Это всё жара. И яд, оставшийся в её теле после укуса гусеницы. Ночь пришла, и окно покрыто мотыльками, опьянёнными пламенем свечей. Мотыльки умрут, так же, как умрёт и она, спалённая жаром солнца, убитая суровостью этих мест. Она ещё слаба, и от яда гусеницы у неё ещё кружится голова.

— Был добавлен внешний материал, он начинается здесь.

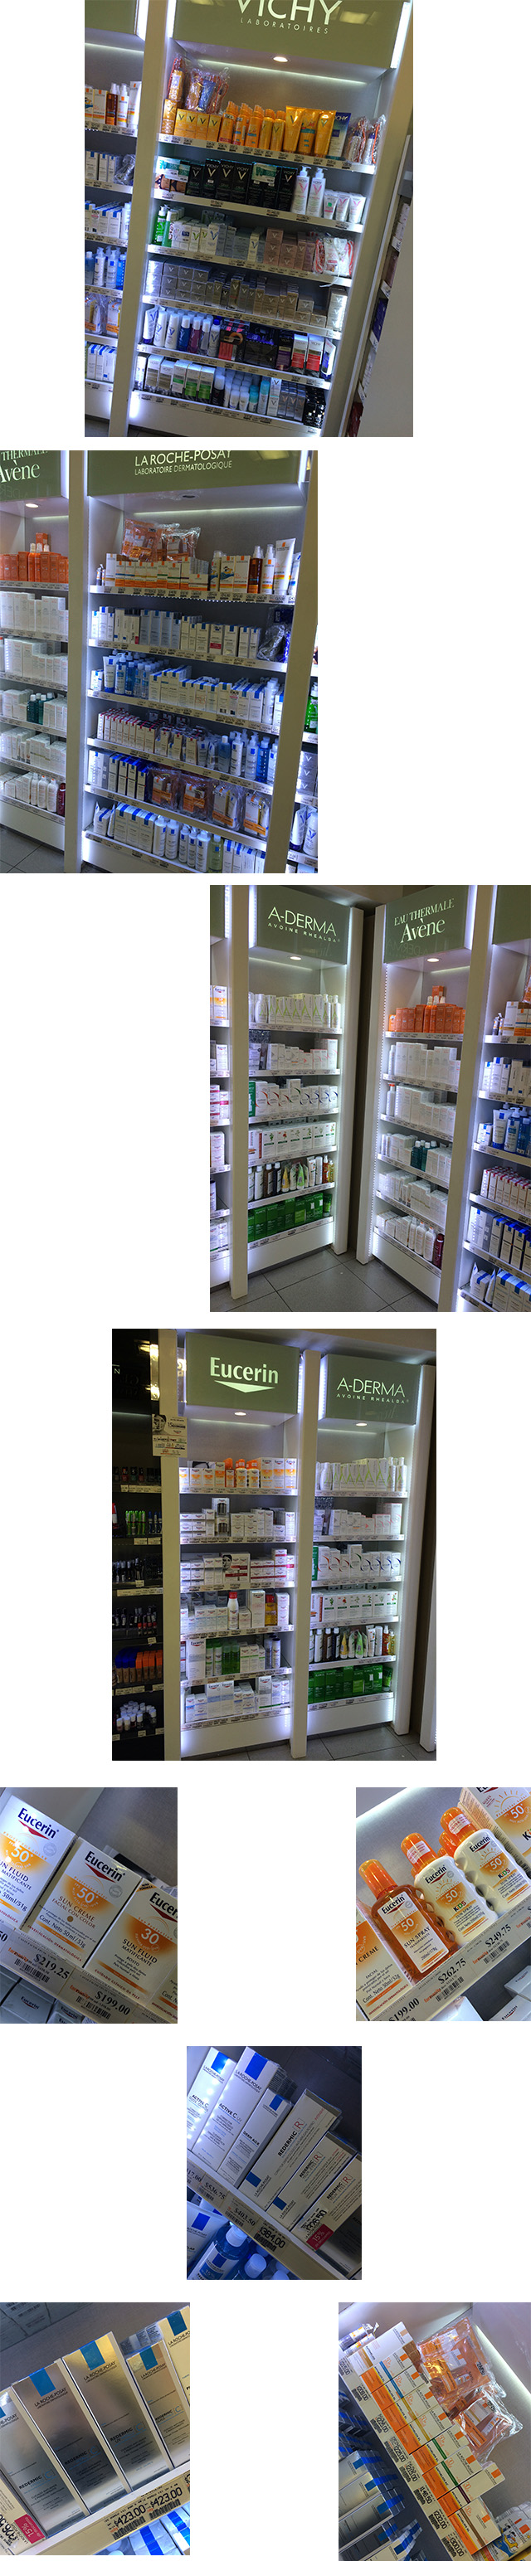 farmacia BUE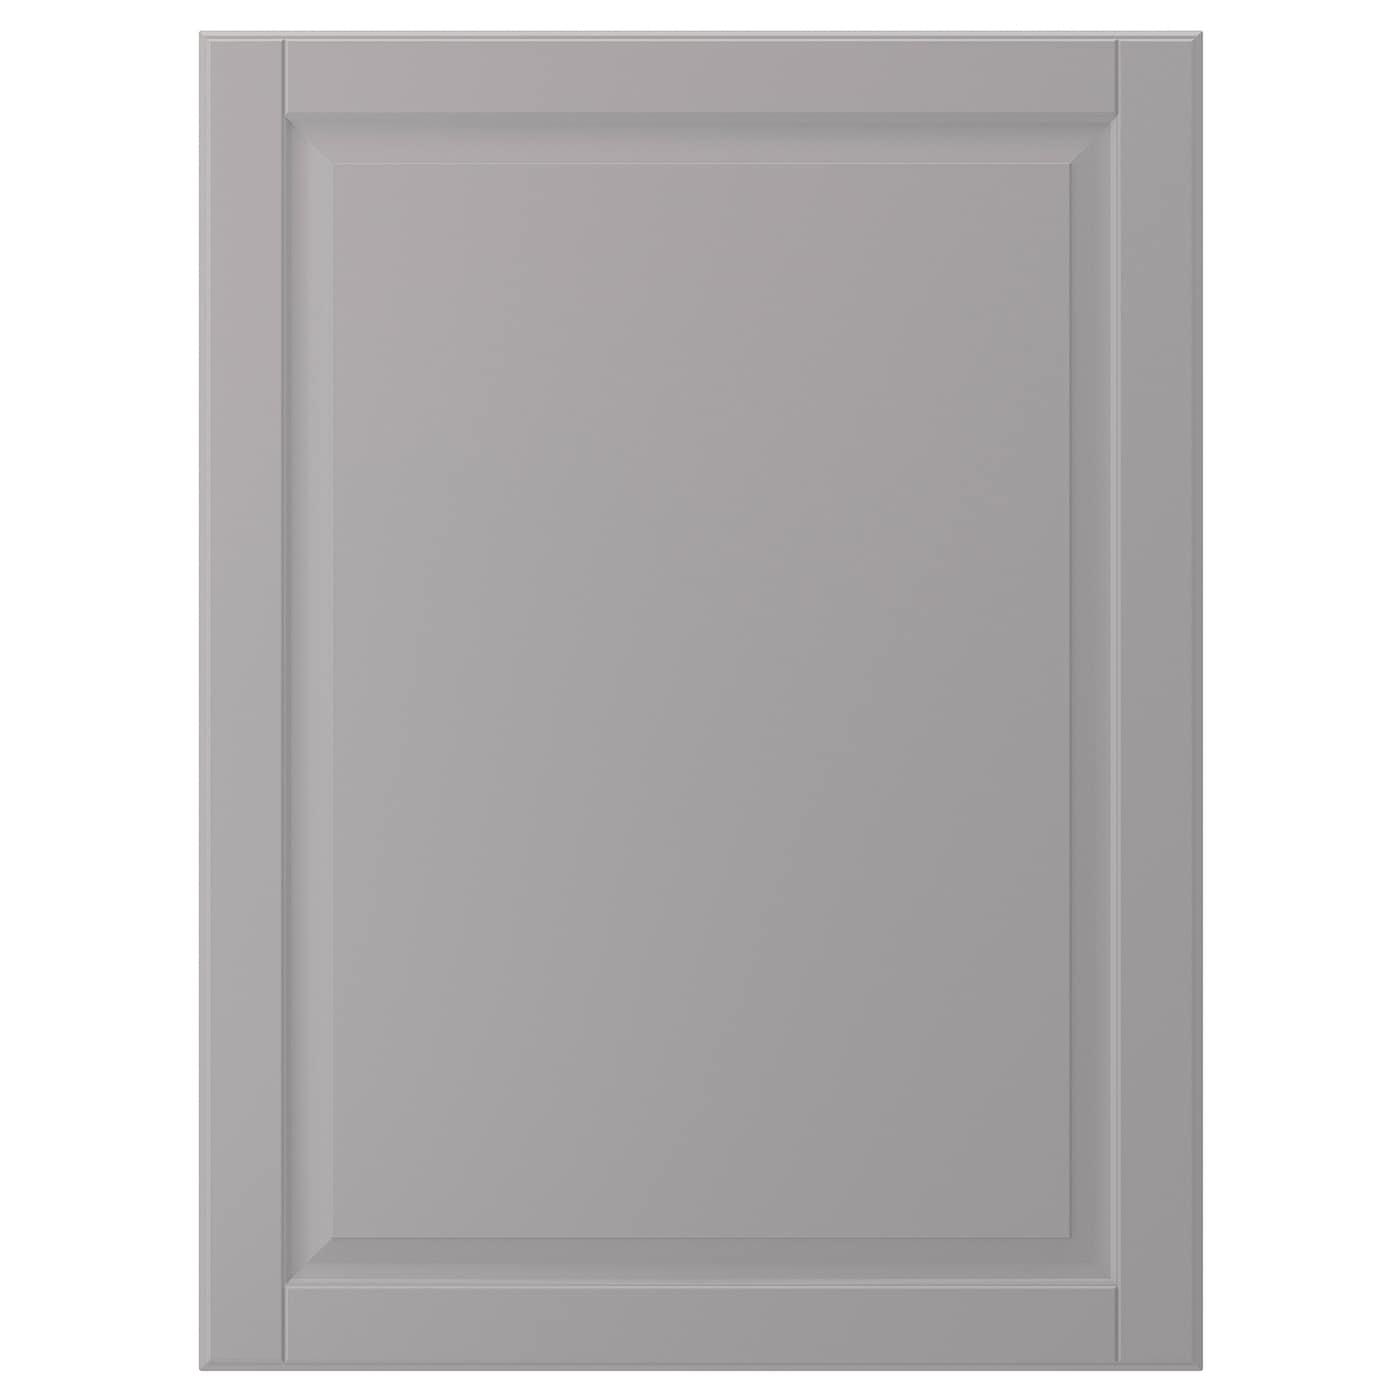 Ikea Kitchen Advertising: Kitchen Products, Doors And Worktops

Яд усилил усталость, и ночами её мучают дурные сны и видения, которые приходят и уходят, страшные и прекрасные попеременно.

В одном сне ей угрожает зверь, он появляется перед ней откуда-то сзади, враждебно смотрит на неё.

Она стоит и слушает реку, тихая, зеркальная гладь сверкает на солнце, нежится в его лучах, она стоит и смотрит туда, где река делает поворот, немного дальше, и белая вода пенится, течение сходит с ума, ещё дальше, стремнины, ещё дальше, вода ревёт и грохочет, безумная вода, немного дальше и вода безумна, она бросается на камни, валуны, которые пустят ко дну кого угодно, а вот дьявольское яйцо, скала, торчащая над водой, над мечущейся бешеной водой, и это водопады Пики Стон, по берегу скачут обезьяны со своими вечными воплями — предупреждают? накликают беду? — отчаянные вопли обезьян, но там, где стоит она, река тиха, ряби нет, только полосы солнечного света взблёскивают на мирной глади.